Find more of Ewing’s work on Instagram.
For as long as I can remember, I’ve loved science fiction and fantasy, so when I discovered Warhammer at the age of eleven, it instantly struck a chord with me. I’ve always been into art and making things, and this new world I’d discovered just seemed to have so much depth and detail to explore — limitless room to create and tell stories with the official lore, called “fluff,” acting as a guide. Of the two main official settings, the one that really appealed to me the most was Warhammer 40,000 — set in an impossibly grim version of the future where humanity is just barely clinging on, attacked from all sides by a multitude of threats ranging from rampaging aliens to insane and malevolent cultists worshipping the terrifying Gods of Chaos.

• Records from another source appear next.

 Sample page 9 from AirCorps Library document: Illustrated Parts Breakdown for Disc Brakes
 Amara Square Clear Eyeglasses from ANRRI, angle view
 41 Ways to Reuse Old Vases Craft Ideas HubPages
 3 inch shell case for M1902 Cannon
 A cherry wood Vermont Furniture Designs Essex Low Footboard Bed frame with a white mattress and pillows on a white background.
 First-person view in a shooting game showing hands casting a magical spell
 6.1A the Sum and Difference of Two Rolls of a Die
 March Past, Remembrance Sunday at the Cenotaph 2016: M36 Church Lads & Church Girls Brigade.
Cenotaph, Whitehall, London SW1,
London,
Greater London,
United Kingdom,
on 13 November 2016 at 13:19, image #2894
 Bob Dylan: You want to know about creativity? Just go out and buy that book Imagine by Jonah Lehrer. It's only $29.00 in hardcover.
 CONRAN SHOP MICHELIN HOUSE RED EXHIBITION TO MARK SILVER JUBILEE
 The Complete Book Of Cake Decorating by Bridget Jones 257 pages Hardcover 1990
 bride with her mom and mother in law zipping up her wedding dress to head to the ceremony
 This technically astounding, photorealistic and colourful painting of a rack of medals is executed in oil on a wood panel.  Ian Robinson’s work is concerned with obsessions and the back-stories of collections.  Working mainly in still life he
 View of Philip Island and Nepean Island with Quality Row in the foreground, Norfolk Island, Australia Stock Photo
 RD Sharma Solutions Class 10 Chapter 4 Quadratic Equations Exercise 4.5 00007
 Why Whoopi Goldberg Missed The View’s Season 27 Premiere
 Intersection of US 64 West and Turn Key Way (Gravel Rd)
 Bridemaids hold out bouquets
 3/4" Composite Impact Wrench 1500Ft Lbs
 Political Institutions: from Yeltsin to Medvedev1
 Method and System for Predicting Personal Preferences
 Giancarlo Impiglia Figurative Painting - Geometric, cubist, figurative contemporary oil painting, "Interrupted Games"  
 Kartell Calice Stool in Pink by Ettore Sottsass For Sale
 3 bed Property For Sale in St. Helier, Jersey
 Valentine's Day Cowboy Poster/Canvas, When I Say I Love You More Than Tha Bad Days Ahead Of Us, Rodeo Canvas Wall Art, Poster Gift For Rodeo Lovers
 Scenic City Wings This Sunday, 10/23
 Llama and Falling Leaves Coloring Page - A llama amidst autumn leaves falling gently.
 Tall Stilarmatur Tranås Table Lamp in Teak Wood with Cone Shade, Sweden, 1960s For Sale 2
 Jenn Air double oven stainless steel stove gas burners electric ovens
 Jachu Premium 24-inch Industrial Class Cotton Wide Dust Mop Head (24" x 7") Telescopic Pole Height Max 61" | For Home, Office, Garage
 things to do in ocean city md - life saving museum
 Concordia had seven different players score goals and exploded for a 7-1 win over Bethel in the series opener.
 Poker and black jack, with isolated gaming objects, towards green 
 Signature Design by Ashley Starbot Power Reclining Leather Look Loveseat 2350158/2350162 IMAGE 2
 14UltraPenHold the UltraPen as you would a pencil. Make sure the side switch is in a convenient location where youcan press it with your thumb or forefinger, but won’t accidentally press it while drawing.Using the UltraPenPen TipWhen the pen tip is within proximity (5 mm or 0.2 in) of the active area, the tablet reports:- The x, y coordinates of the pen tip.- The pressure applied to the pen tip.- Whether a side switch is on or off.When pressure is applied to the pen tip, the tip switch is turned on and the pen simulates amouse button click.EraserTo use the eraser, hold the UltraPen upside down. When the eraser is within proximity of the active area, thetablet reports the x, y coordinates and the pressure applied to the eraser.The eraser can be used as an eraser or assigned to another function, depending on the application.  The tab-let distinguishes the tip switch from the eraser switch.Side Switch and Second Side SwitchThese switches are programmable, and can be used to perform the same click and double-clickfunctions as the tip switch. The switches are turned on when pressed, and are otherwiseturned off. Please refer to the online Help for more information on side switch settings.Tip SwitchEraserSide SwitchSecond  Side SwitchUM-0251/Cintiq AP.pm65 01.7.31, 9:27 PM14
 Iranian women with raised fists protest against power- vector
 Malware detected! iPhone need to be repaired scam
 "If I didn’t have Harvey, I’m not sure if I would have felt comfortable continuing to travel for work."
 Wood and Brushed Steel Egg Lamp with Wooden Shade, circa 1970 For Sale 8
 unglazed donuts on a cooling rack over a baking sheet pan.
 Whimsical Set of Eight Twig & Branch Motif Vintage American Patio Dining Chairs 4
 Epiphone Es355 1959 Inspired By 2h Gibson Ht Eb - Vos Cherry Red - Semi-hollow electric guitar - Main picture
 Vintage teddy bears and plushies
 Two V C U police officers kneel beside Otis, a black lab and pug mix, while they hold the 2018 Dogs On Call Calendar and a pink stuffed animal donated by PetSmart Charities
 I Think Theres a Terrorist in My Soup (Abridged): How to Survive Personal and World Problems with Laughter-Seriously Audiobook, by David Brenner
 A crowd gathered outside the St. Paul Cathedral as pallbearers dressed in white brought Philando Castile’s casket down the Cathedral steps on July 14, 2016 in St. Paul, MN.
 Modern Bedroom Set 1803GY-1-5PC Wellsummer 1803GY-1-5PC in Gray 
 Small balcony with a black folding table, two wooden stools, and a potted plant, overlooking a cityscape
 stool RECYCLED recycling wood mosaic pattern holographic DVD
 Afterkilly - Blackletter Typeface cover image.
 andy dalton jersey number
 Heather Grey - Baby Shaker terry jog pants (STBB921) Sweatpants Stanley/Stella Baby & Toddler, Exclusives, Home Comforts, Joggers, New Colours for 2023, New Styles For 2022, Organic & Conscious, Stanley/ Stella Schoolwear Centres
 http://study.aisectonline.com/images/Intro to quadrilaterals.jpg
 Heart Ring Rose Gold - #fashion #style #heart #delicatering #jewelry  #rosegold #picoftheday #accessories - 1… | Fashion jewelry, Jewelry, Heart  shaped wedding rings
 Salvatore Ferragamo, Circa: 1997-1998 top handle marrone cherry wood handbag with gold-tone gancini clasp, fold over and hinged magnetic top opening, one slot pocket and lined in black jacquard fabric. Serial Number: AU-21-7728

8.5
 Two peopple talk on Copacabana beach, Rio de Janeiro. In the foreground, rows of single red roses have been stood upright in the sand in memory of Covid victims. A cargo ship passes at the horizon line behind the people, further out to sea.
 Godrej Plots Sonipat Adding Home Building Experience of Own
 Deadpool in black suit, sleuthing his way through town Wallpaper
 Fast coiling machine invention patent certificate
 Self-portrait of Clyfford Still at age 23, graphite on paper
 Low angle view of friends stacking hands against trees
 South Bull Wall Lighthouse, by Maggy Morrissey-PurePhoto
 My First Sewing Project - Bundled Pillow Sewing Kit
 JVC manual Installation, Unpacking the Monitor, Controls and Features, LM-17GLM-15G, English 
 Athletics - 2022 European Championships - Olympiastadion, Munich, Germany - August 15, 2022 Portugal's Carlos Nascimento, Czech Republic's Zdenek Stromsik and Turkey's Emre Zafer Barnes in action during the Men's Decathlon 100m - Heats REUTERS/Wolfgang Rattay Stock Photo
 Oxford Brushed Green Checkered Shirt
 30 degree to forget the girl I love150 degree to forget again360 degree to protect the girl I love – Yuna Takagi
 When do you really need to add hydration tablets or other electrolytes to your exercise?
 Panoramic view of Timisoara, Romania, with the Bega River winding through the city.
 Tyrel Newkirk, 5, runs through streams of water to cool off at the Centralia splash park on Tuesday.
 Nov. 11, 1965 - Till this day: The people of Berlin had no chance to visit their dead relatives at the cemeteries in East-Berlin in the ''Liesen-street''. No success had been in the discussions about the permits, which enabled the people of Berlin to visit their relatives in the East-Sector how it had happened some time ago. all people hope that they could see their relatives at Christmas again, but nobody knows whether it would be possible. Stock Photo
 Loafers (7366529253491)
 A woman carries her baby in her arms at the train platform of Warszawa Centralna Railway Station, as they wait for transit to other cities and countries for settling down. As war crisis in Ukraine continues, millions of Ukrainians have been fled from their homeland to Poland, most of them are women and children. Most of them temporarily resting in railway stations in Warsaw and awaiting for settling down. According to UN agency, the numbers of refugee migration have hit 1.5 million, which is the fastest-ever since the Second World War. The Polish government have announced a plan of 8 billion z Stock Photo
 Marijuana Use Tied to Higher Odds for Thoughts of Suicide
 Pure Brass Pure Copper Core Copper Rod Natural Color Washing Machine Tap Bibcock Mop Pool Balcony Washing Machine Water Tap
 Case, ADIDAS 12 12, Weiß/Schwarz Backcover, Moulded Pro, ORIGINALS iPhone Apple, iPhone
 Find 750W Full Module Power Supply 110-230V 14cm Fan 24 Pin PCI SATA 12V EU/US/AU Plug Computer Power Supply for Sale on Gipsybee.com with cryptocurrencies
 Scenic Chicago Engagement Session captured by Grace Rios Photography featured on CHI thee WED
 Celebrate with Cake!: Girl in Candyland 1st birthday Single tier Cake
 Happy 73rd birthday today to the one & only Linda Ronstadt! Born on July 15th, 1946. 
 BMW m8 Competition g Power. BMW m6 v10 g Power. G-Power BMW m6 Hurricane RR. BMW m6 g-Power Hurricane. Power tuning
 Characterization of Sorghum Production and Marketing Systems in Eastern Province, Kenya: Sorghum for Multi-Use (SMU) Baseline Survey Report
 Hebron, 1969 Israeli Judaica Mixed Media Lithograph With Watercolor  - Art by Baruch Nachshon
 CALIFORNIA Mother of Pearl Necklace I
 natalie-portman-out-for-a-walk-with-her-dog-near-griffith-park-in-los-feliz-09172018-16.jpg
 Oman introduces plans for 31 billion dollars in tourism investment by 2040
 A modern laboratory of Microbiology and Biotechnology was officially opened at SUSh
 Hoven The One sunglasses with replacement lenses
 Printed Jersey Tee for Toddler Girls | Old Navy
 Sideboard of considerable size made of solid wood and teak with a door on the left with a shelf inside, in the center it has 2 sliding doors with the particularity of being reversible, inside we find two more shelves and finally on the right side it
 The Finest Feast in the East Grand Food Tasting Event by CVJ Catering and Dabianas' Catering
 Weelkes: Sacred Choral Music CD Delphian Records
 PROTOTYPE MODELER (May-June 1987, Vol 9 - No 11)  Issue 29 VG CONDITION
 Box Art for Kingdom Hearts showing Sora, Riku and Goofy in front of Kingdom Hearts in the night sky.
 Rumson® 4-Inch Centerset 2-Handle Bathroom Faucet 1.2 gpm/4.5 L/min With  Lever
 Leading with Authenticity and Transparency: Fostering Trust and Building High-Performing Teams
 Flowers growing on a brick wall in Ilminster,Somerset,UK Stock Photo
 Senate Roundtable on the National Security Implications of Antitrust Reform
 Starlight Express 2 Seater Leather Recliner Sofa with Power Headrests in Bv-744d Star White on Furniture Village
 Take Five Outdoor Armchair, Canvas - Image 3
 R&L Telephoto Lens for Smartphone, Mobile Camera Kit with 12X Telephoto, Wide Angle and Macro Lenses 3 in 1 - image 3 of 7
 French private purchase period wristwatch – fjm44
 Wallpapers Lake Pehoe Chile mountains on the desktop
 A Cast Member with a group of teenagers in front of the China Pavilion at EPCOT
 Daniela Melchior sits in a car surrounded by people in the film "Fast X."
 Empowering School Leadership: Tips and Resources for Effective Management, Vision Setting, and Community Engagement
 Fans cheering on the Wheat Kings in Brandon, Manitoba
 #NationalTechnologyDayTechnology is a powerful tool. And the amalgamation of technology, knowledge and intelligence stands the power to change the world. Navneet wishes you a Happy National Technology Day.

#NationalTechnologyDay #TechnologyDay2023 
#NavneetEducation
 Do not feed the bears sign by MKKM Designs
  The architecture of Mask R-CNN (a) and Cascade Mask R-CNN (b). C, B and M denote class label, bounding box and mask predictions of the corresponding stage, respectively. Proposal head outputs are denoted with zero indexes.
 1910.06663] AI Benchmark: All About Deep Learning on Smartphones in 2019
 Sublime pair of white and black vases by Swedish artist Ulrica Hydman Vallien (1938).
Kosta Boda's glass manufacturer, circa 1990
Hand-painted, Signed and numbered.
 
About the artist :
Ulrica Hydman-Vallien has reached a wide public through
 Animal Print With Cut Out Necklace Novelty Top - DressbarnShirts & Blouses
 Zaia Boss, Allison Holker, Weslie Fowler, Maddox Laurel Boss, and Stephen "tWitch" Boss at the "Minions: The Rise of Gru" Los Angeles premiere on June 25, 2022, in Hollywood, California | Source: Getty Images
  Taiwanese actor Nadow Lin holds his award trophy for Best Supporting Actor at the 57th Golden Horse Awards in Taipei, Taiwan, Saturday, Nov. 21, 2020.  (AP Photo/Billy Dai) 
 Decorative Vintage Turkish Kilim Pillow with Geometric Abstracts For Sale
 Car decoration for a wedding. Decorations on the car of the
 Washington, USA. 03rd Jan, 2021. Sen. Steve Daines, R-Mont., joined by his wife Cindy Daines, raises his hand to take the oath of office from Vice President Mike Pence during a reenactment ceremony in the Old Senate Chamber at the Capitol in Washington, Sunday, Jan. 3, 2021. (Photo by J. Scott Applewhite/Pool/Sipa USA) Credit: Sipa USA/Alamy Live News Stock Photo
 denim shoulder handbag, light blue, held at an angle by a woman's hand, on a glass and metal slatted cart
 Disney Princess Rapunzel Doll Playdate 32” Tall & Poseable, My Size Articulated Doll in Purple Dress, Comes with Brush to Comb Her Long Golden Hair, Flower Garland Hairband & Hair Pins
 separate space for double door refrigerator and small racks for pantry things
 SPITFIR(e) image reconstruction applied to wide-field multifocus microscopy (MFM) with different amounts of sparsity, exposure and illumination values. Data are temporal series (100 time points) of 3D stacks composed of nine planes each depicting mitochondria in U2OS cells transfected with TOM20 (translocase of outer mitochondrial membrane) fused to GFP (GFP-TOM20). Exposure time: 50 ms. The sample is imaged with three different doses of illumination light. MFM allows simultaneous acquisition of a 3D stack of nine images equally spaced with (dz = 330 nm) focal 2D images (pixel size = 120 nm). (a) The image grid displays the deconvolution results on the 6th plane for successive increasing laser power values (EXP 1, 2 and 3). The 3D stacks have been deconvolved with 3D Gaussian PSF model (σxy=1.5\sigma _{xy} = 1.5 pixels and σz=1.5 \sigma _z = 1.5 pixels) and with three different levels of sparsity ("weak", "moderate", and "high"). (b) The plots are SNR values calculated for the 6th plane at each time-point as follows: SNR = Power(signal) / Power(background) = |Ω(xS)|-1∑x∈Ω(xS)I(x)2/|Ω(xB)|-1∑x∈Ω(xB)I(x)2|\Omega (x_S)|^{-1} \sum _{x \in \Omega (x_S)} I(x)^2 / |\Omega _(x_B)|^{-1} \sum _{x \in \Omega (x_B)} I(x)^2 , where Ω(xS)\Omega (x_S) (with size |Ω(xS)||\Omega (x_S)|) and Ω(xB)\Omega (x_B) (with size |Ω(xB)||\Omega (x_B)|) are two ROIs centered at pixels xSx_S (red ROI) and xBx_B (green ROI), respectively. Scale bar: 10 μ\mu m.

As a maker I’ve always been allergic to following instructions, so from the very beginning in the hobby I wanted to create things that were entirely my own, despite coming from a range of kits available to everyone. The easiest way to do this is what is known as kitbashing — mixing and matching parts from existing kits as well as other found objects in order to make something new and that hopefully nobody else has! Starting off with simple swaps of components — heads and arms most often — I graduated pretty quickly to much more complex builds using parts from a huge range of kits, as well as pieces I sculpted or made myself as my skills grew.
Over the last six months I’ve been working on a new project, this time set in the Hive City Necromunda. It’s a claustrophobic nightmare teeming with downtrodden humanity living in the worst possible conditions — perfect for creating the kinds of creatures and characters I most enjoy. I’ve been fascinated for years by the Cordyceps fungus, familiar to anyone who’s played The Last of Us. It’s such an alien form of life and it seemed perfect for the setting, so I got to work on building my own little army of infected folk to use on the tabletop! They’re made from a large range of kits and also involved a lot of sculpting and making parts from scratch — the mushrooms in particular took a long time!
It’s been worth the effort though, as some of my favorite and most popular work has come from the project — I know of at least a dozen people who have started their own little “Grimshroom Warbands.” This for me is the best part of the hobby — it’s a vibrant and open community full of awesome creatives always open to sharing ideas and techniques. Everyone sparks off one another and there’s always a new idea to explore, the weirder the better!
Find more from Fleming on Instagram.
I’ve been in the Games Workshop hobby scene for around 25 years. My first experience with it was when I was around 10 years old and I noticed some guys at a local hobby shop playing a video game of Warhammer 40,000. Finding out that there is a video game that can be played while utilizing terrain that can be built in vein to train dioramas in quality opened my eyes to a whole world of possibilities.
Recently I’ve enjoyed seeing how while Games Workshop has actually been expanding their miniature line, the quality of terrain has also been getting better and better. The amount of realism people are starting to put into their own creations has been great to see, especially within the Necromunda community. I look forward to Necromunda: Employed Weapon being released and seeing what the level designers have come up with in which I can draw even more inspiration for future projects from.
Find more of Sol Vince’s work on Instagram.
Jobber Wiki author Frank Long contributed to this report.